The task :: Output the listing word for word, minus images.

Dataset content ::

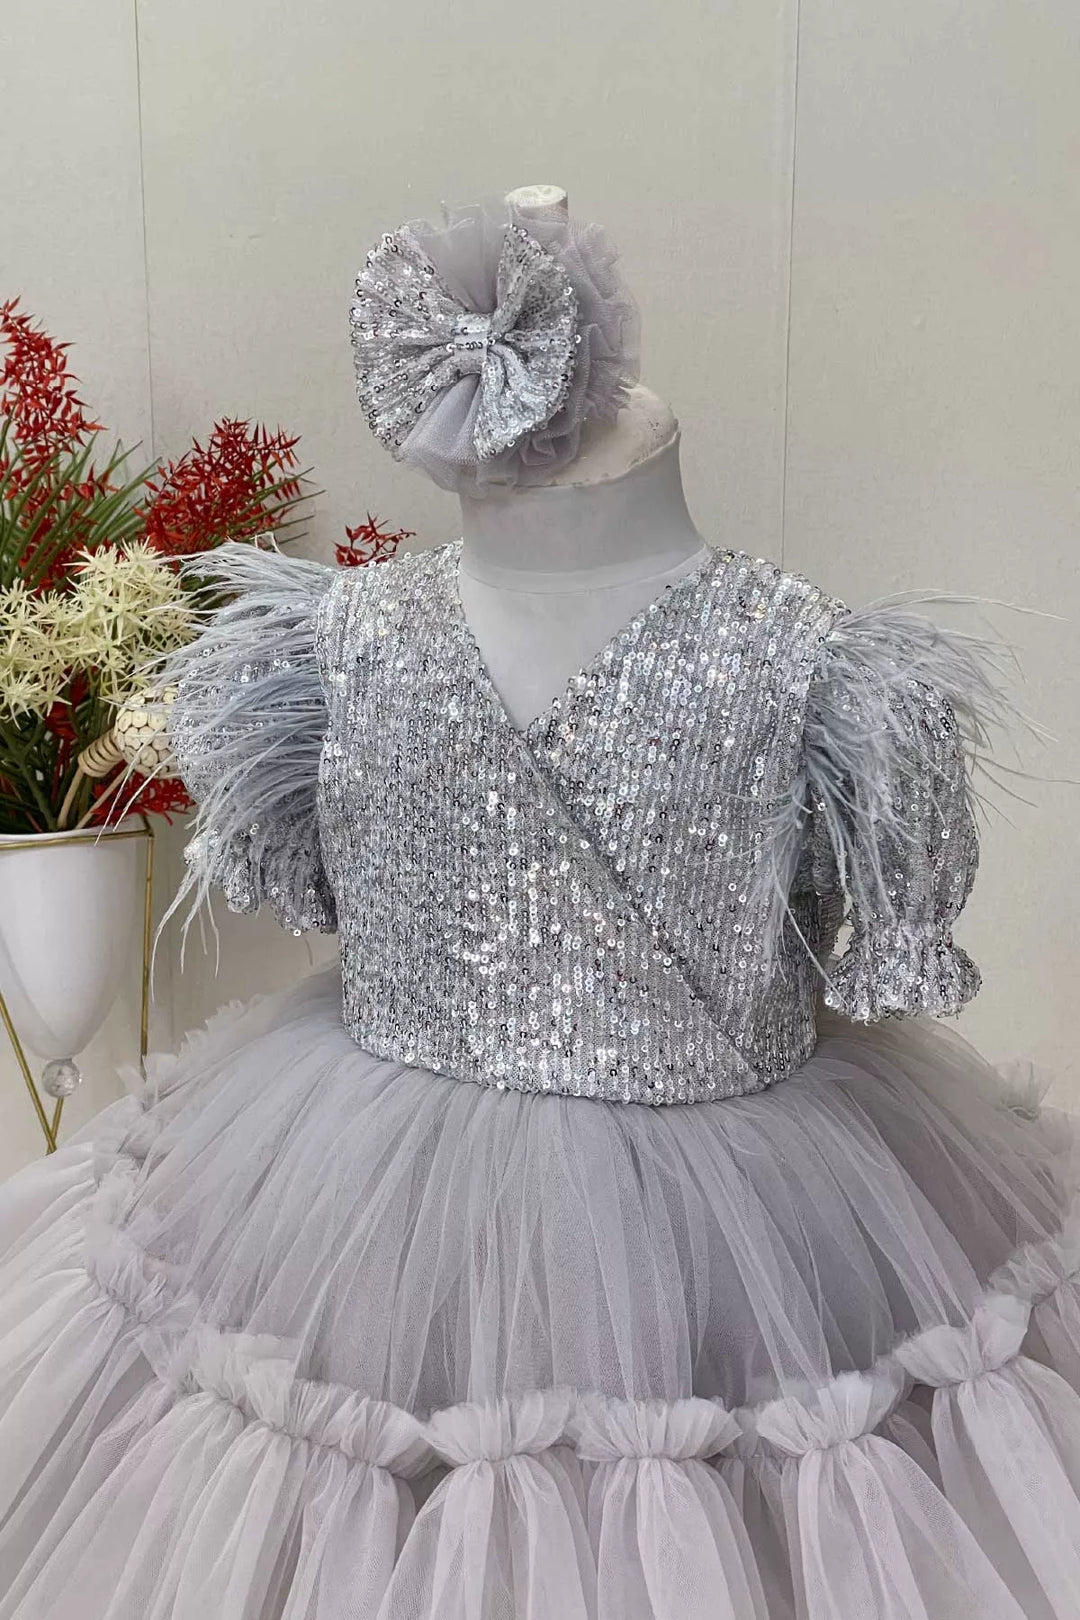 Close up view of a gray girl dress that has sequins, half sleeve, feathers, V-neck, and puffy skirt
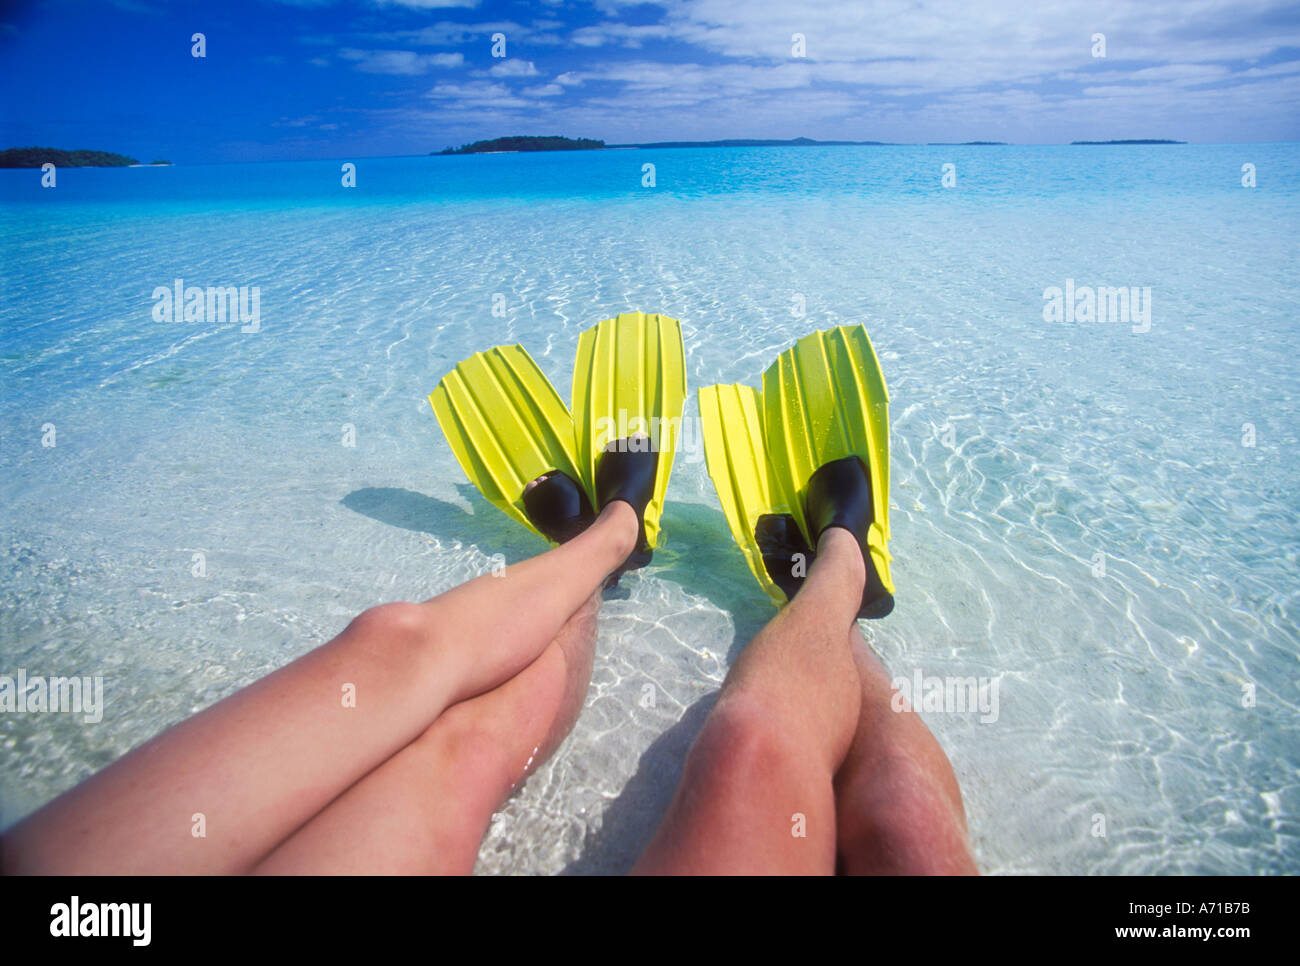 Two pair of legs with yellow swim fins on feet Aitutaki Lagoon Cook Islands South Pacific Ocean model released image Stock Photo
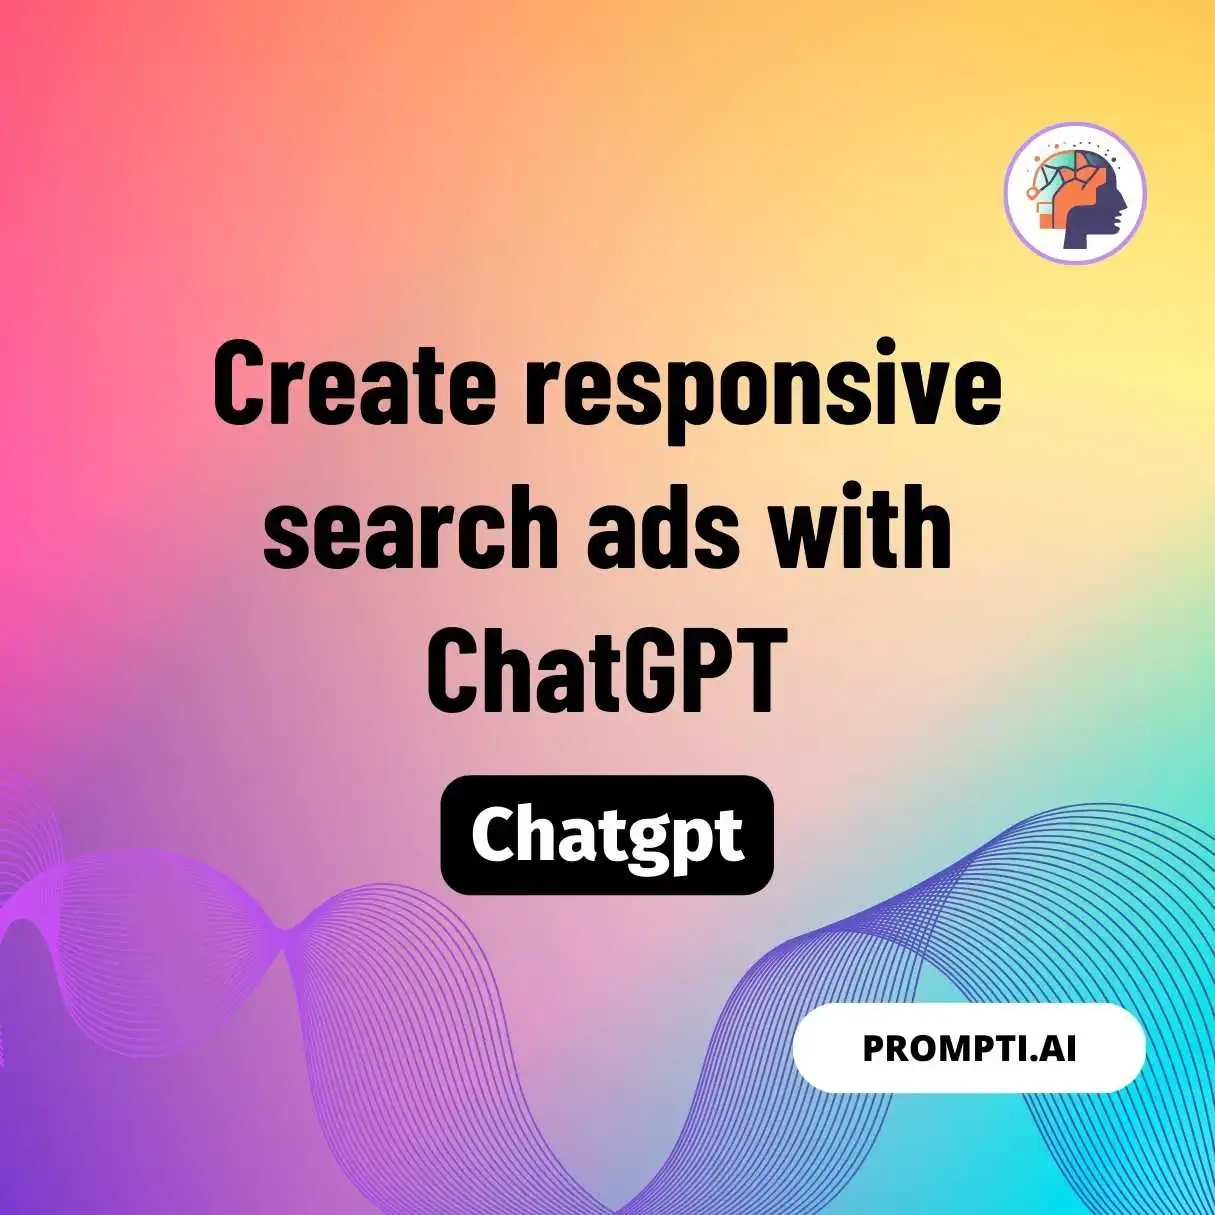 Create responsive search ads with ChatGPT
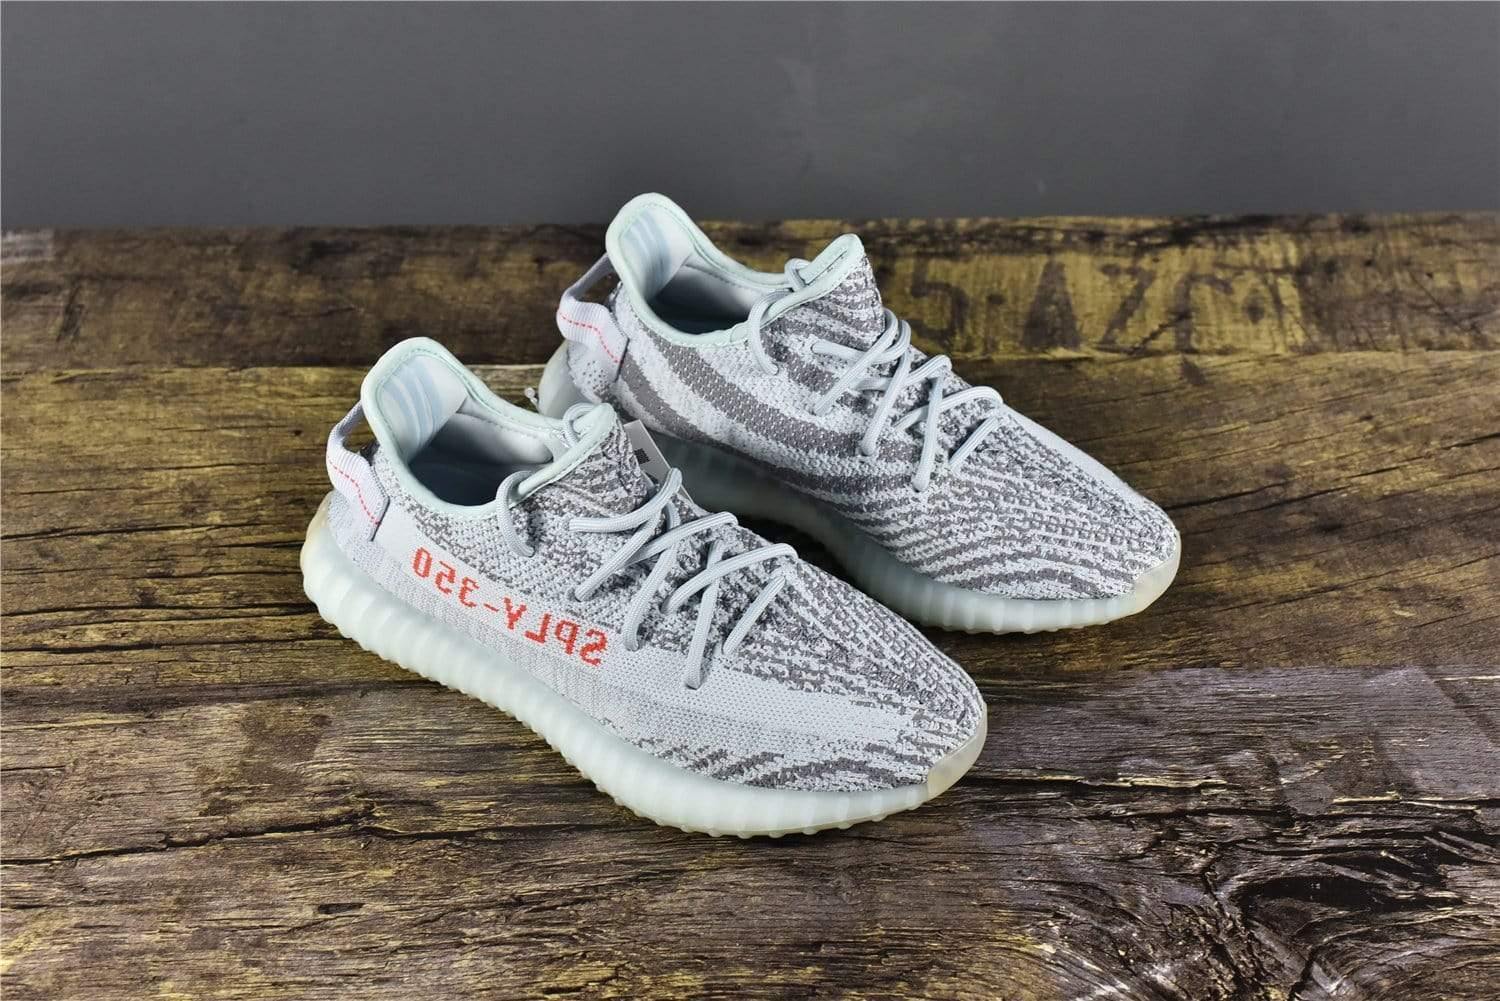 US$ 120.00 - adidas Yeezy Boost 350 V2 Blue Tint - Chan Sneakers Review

Solution for this problem ::
 Close up view of a gray girl dress that has sequins, half sleeve, feathers, V-neck, and puffy skirt
 Two pair of legs with yellow swim fins on feet Aitutaki Lagoon Cook Islands South Pacific Ocean model released image Stock Photo
 Create responsive search ads with ChatGPT
 US$ 120.00 - adidas Yeezy Boost 350 V2 Blue Tint - Chan Sneakers Review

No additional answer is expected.